I’ve been watching people make changes to servers, OSes, networks, storage, applications, and the like for a while now. I’ve even been one of the people making the changes. There are four properties that every successful change I’ve witnessed has had.
1. The change is atomic.
If you are making changes to machines or systems each change should start and finish before you make the next. This keeps the system’s state consistent for other changes, and makes it easy to find what went wrong.
If you are making changes to machines or systems each change should start and finish before system maintenance processes, like backups, occur. This way the system’s state is consistent for those processes.
2. The change is completed in the least time possible.
If you are making changes to machines or systems you should strive to do them atomically and in the least time possible.
Think of it this way: nothing else should happen on the machine while a change is in progress. Generally that’s inconvenient to the users of the machine, so get your stuff done, make it quick, go drink a beer.

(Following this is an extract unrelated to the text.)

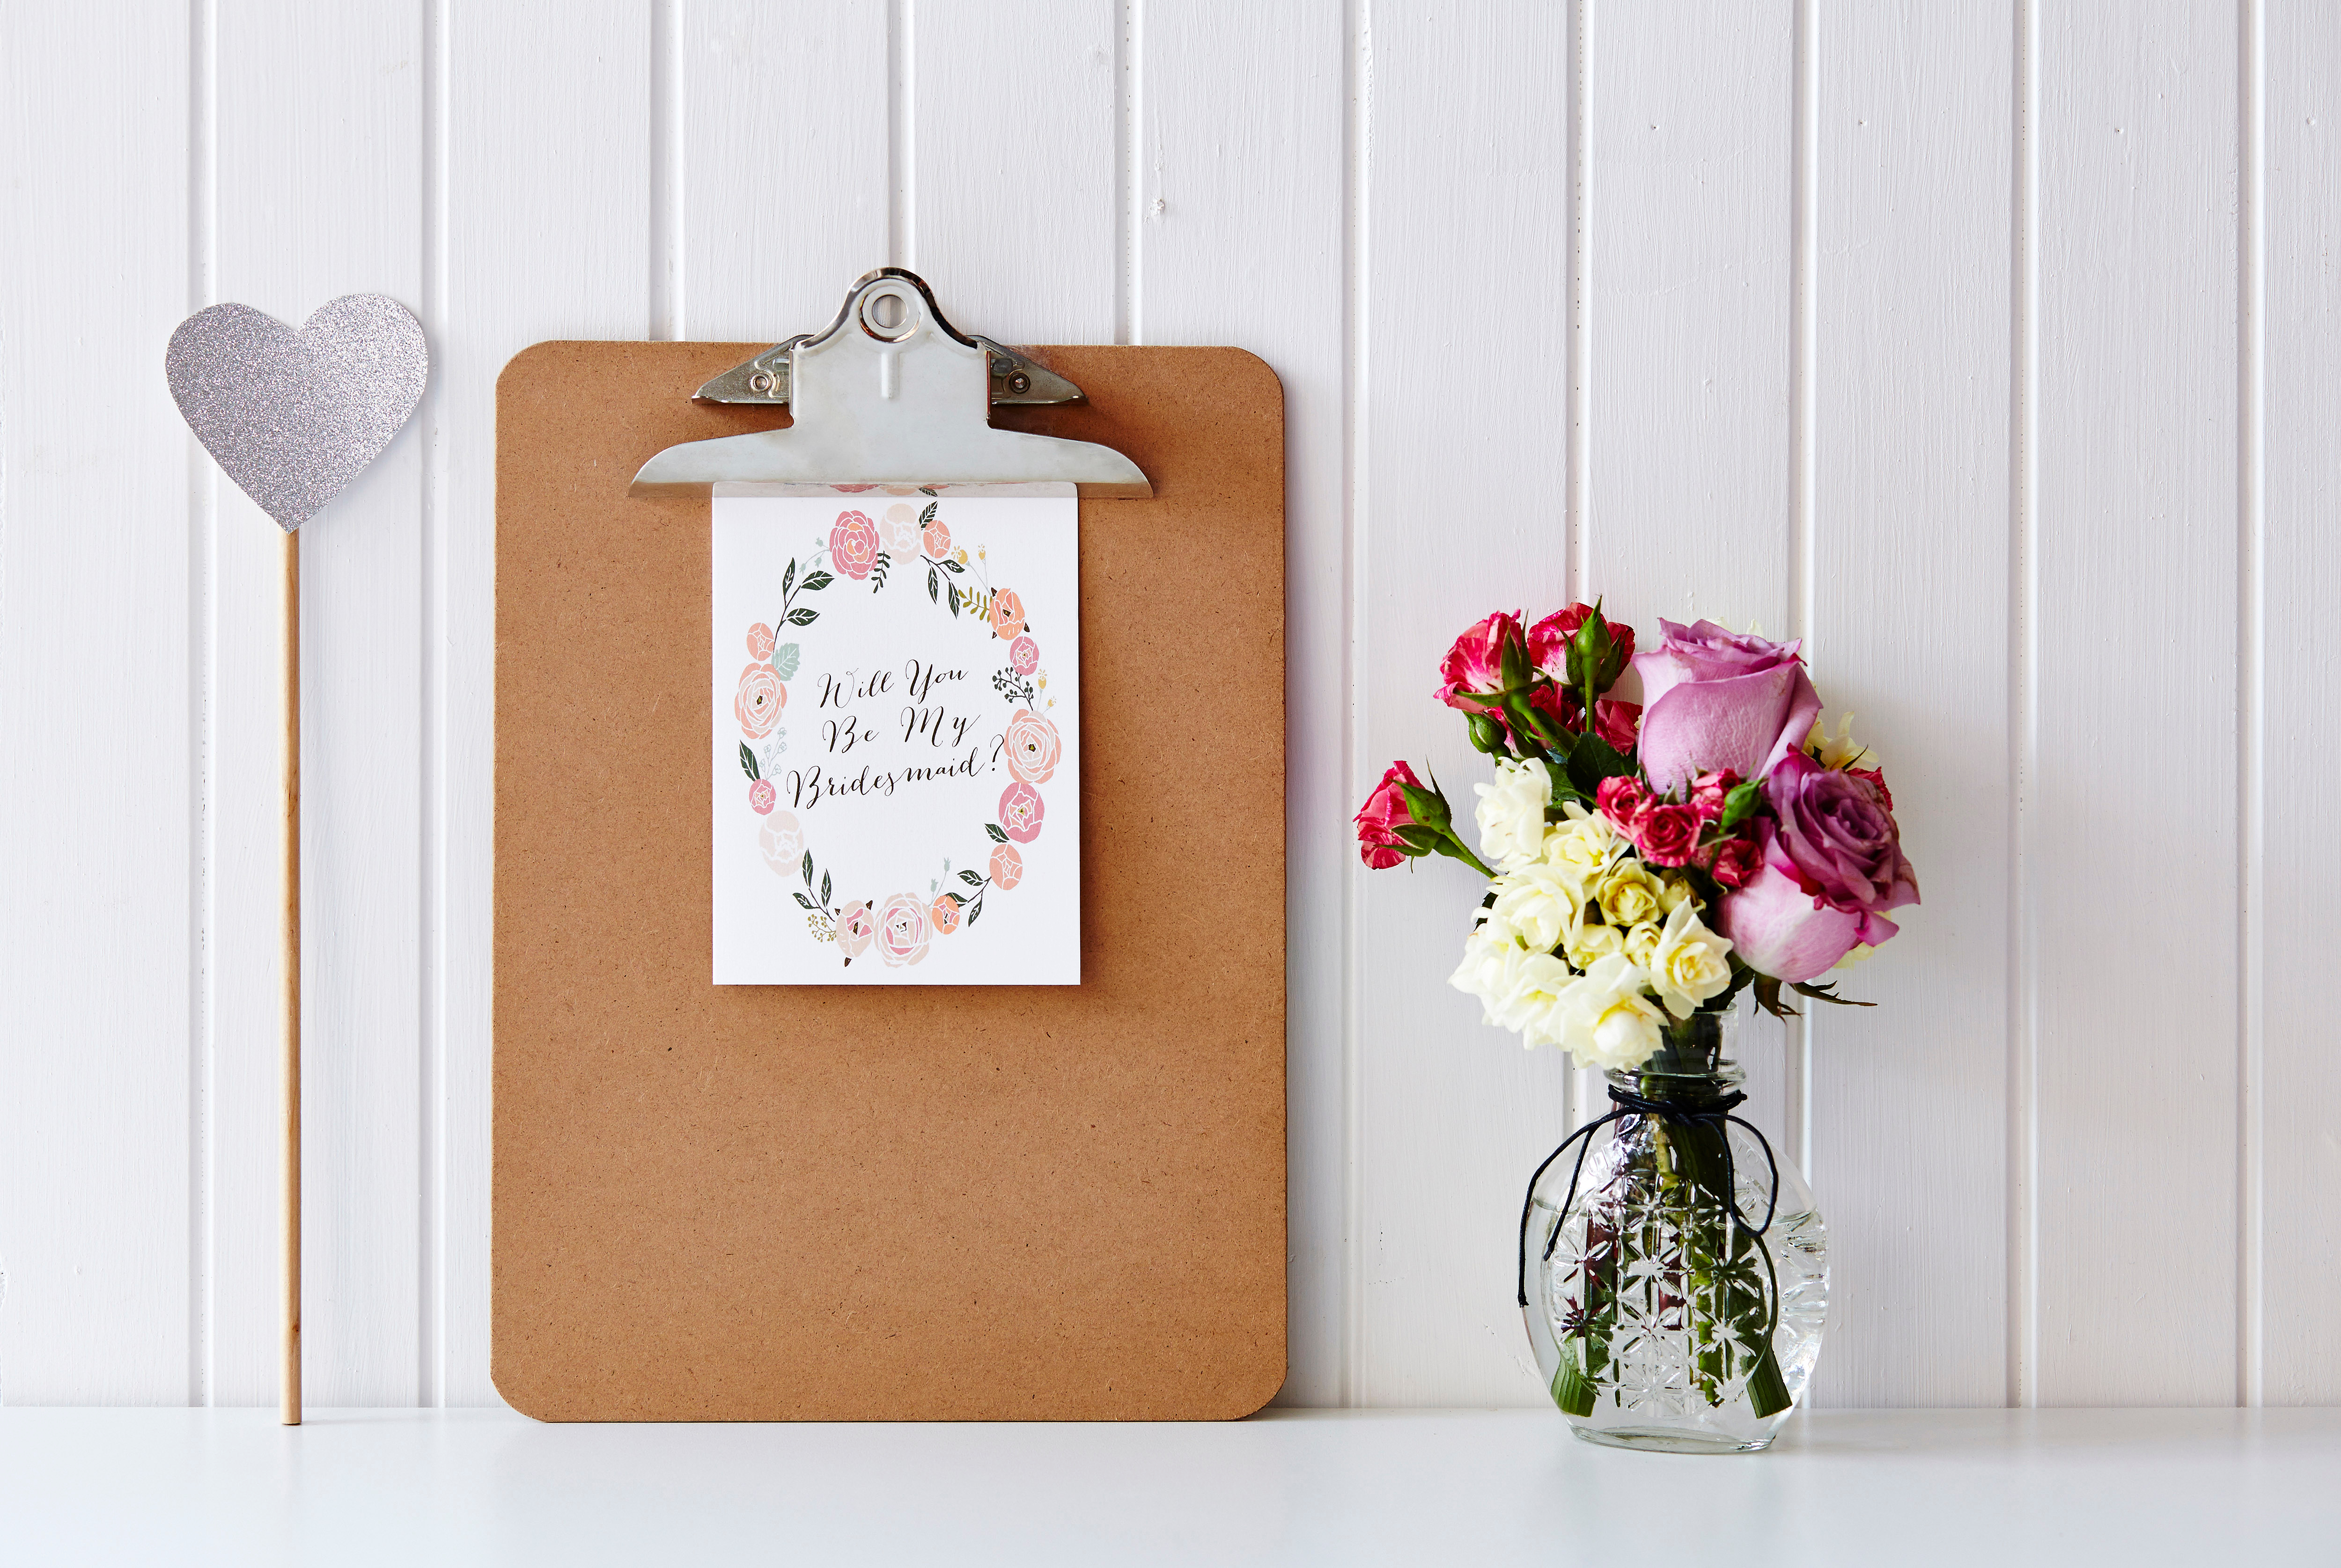 Ein Klemmbrett mit einer Brautjungfernkarte | Quelle: Shutterstock

3. There is a clear way back to the pre-change state.
Change teams, committees, forms, books, managers, etc. are all useless in the change process if the system administrator does not have answers to:
“If the change I am making goes completely wrong, how can I get back to where I am right now?”
and
“Do I have everything I need to get back to where I am right now?”
A system administrator is encouraged to leave themselves lots of options so that they might handle the situation differently based on what is wrong.
4. The change has a clear way of being tested.
For operating system changes this is usually an implicit “everything still works.” It helps immensely if you can define “everything.” 🙂
Like above, this can be posed simply as a question:
“How will I know after each separate change if I have broken something?”
An example from my life of how things went completely wrong:
Last week a junior admin was patching machines to bring them up to the latest levels of code. He didn’t make the changes atomic, as he patched the machines Friday night and left them that way until the reboot on Sunday morning. Because of that, the nightly backups backed the machines up in that untested “meta” state. As it turns out the patches broke an application on one of the machines, and he had to revert them. Then it was discovered that he didn’t have everything he needed to go back, because he made some assumptions that were not true. Oops. Then he panicked and inadvertently destroyed all the data attached to the server while trying to fix things. We had, we still have some very unhappy people around the organization.
An example from my life of how things well:
Two weeks ago an admin on my team was upgrading a reporting tool that runs in a virtual machine. He wanted to do some other work, too, while he had the machine down, but he did it all sequentially. When he had a problem he knew exactly what caused it, and therefore could fix it without too much troubleshooting. He left himself an out in that he put the VM’s disks in “redo” mode so that the changes could be discarded if they didn’t work. Before the changes he ran a backup, and then stopped the agent so that another backup would not run during his work. The upgrade wasn’t seamless but he knew that his backout plan was solid so he didn’t worry or panic, just slogged through the problems.
There is a property of successful changes that I am omitting here: communication. I’ll save that for another time. 🙂